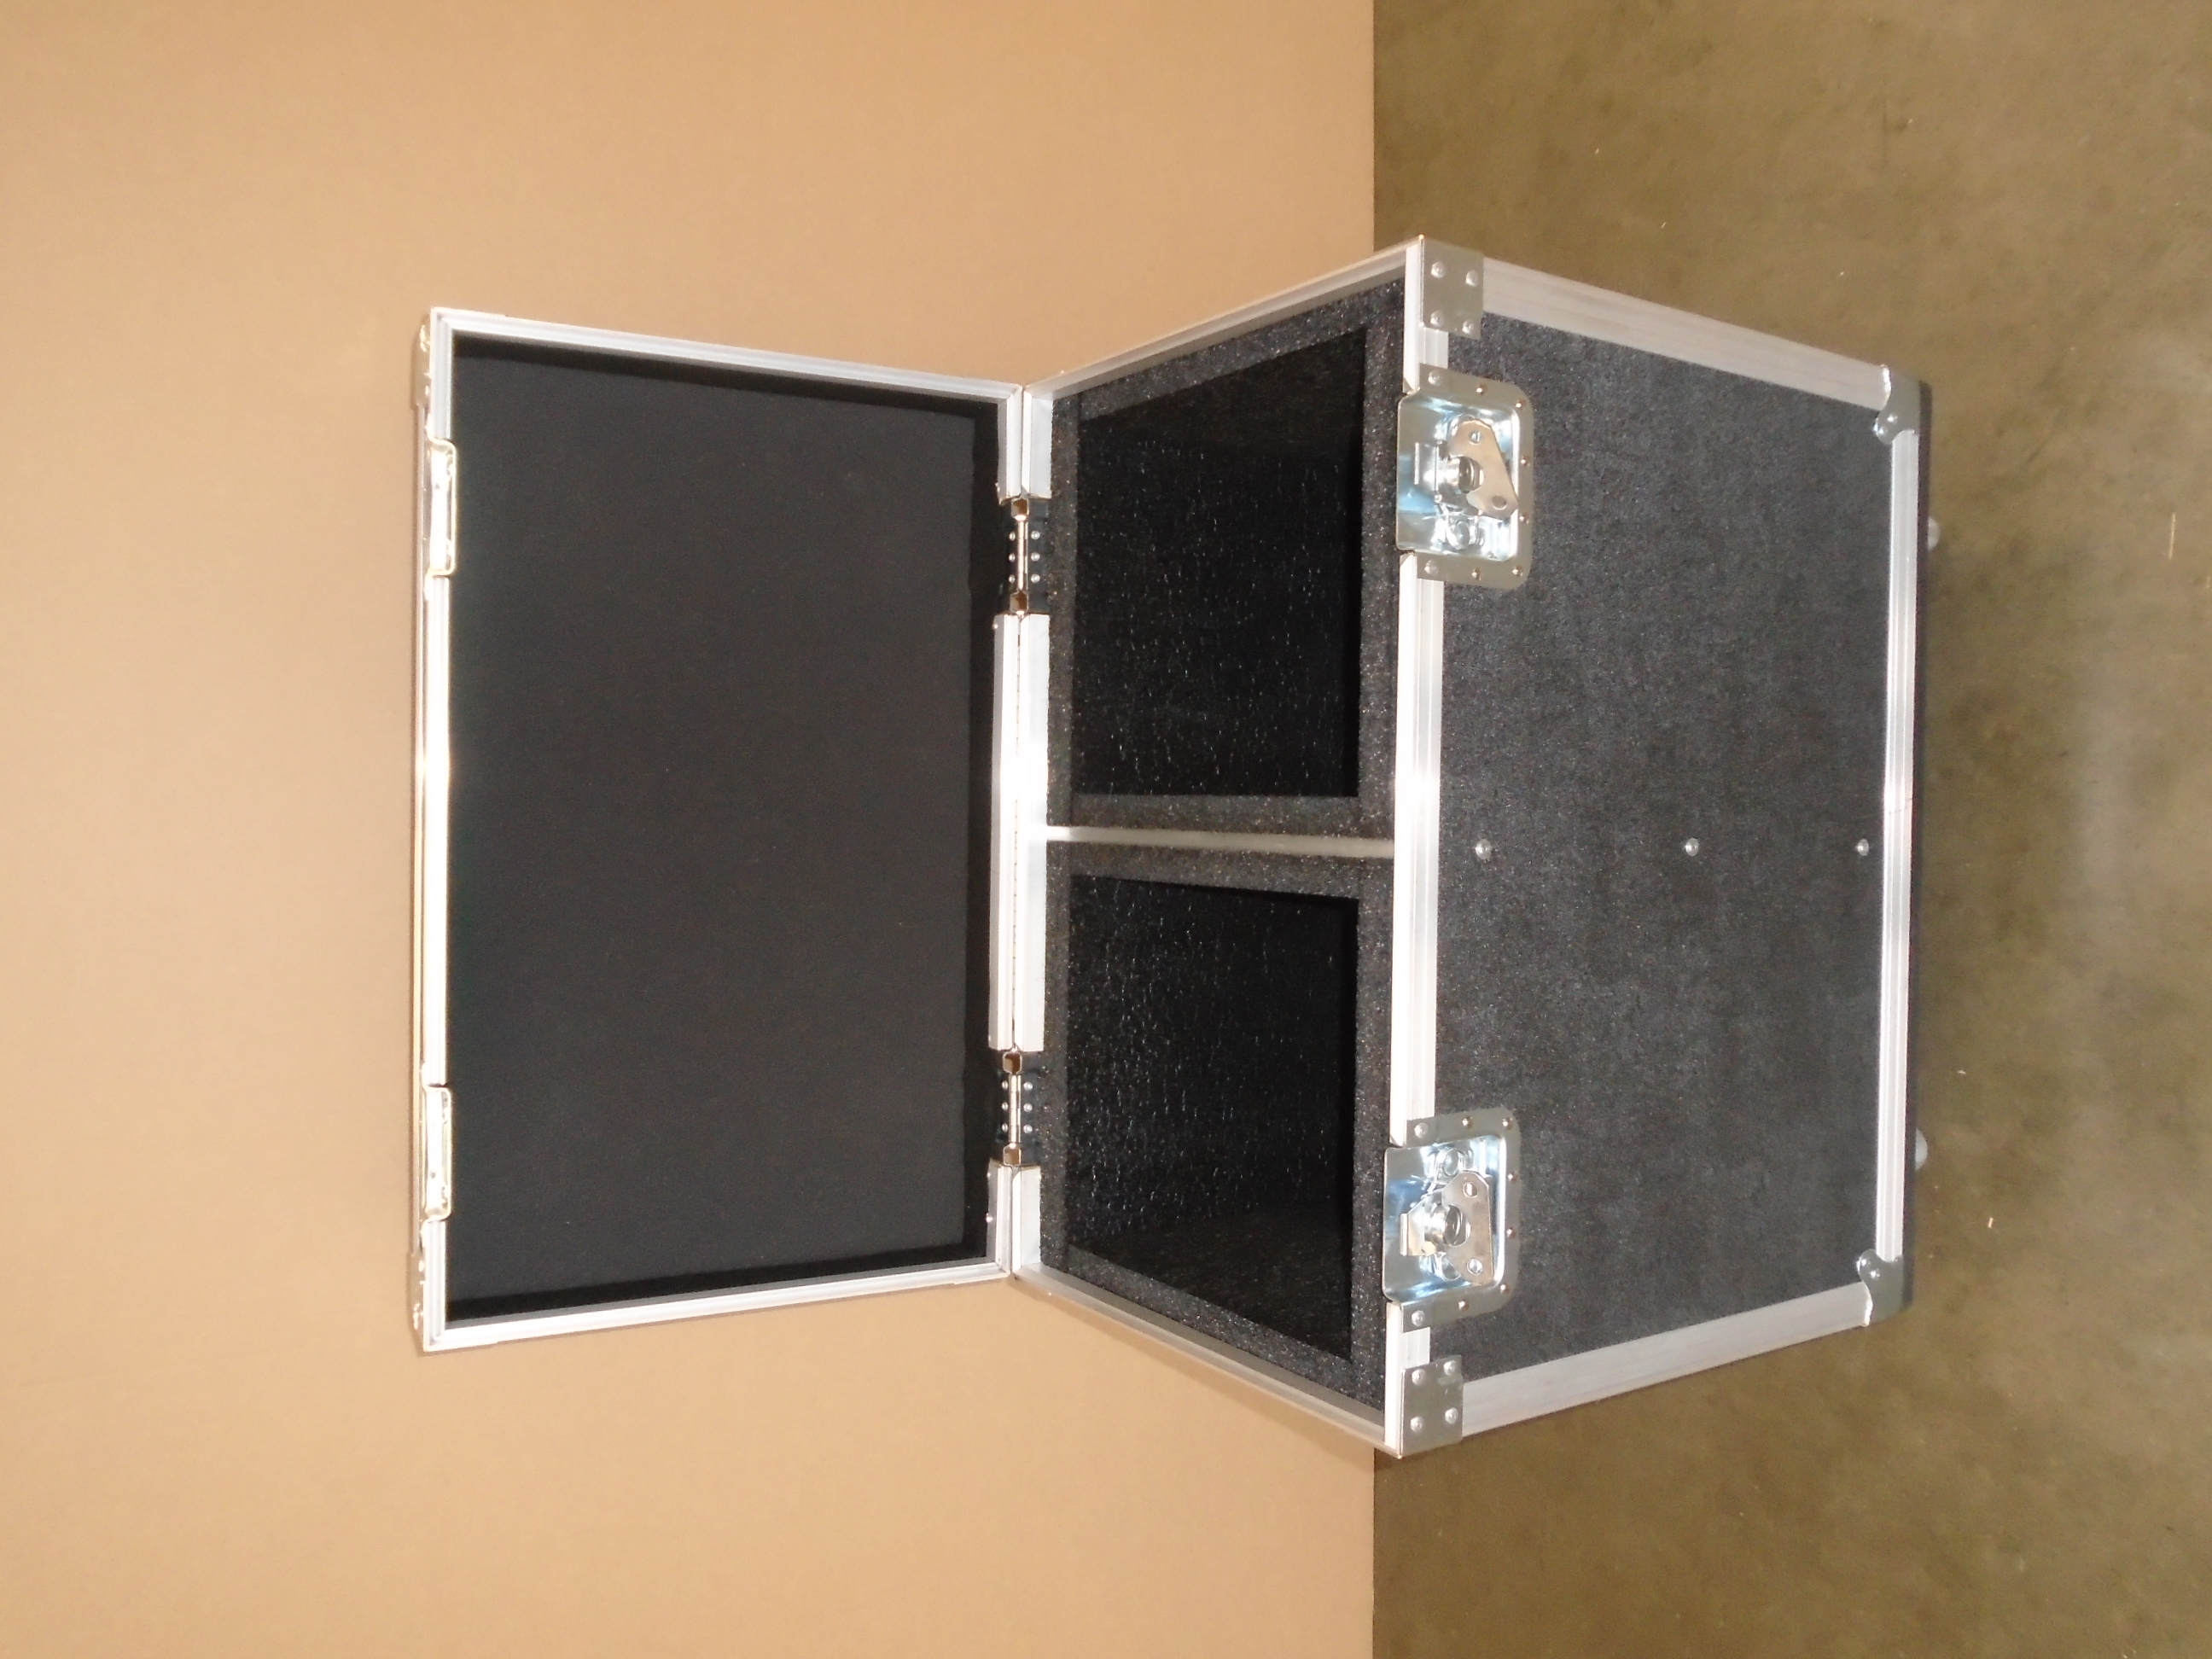 Print # 8067 - Custom Road Case for 2-Pack Turbosound IQ8 2-Way Powered Speaker Kit with Hanging Yoke
Bracket By Nelson Case Corp
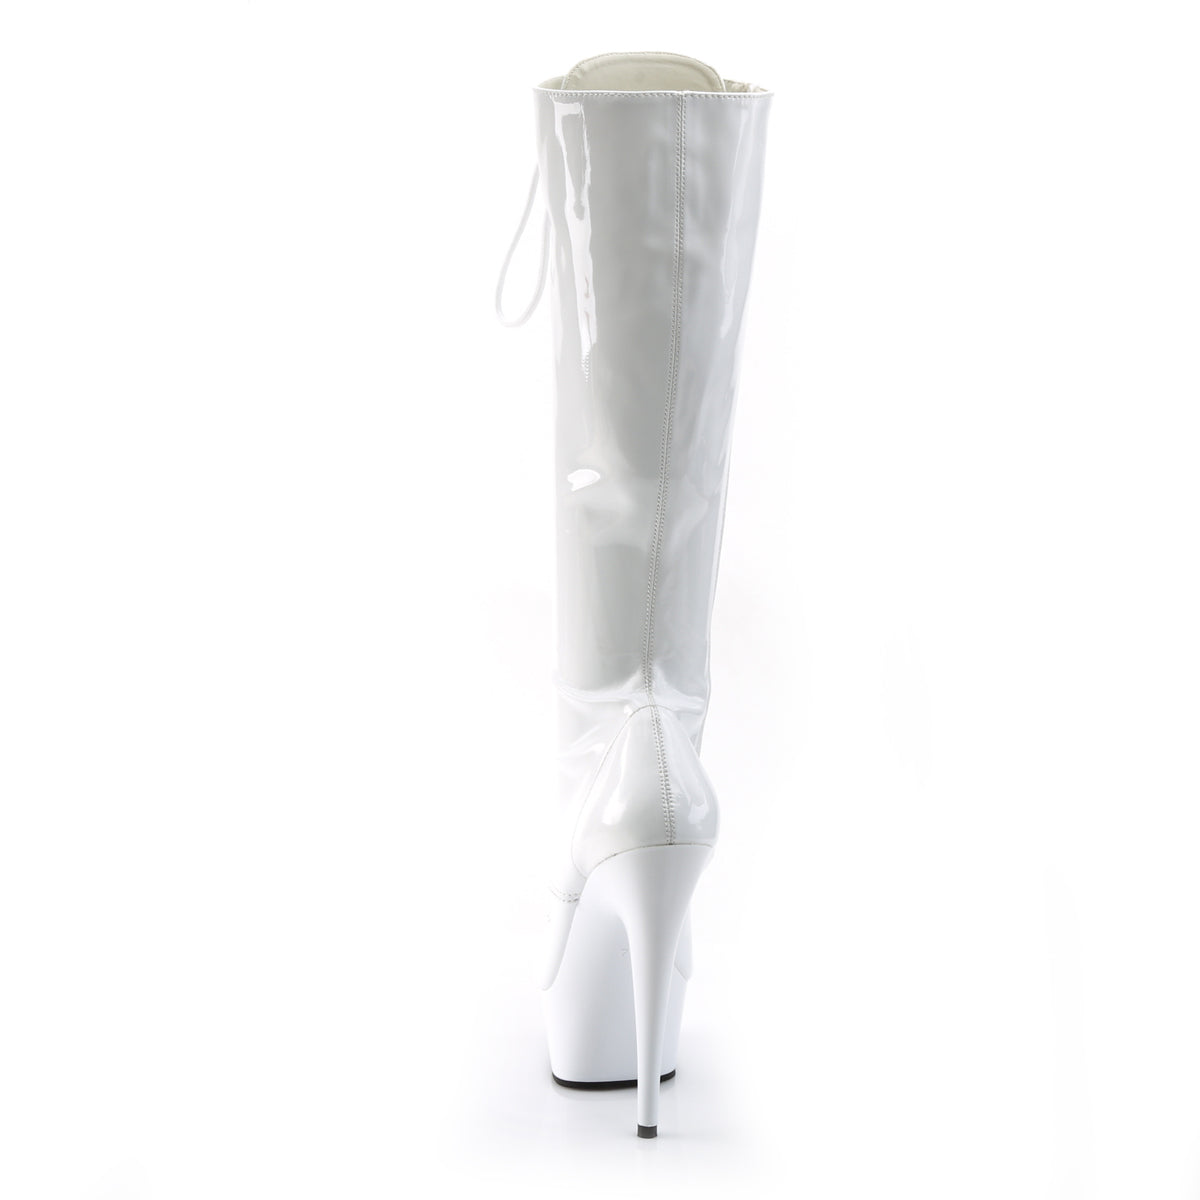 DELIGHT-2023 6 Inch Heel White Patent Pole Dancing Platforms-Pleaser- Sexy Shoes Fetish Footwear
• • • • • • •
_Exercise requirements_
Since only the text is needed, retype the data above exactly and omit the pictures.

_Task response_
 Print # 8067 - Custom Road Case for 2-Pack Turbosound IQ8 2-Way Powered Speaker Kit with Hanging Yoke
Bracket By Nelson Case Corp
 DELIGHT-2023 6 Inch Heel White Patent Pole Dancing Platforms-Pleaser- Sexy Shoes Fetish Footwear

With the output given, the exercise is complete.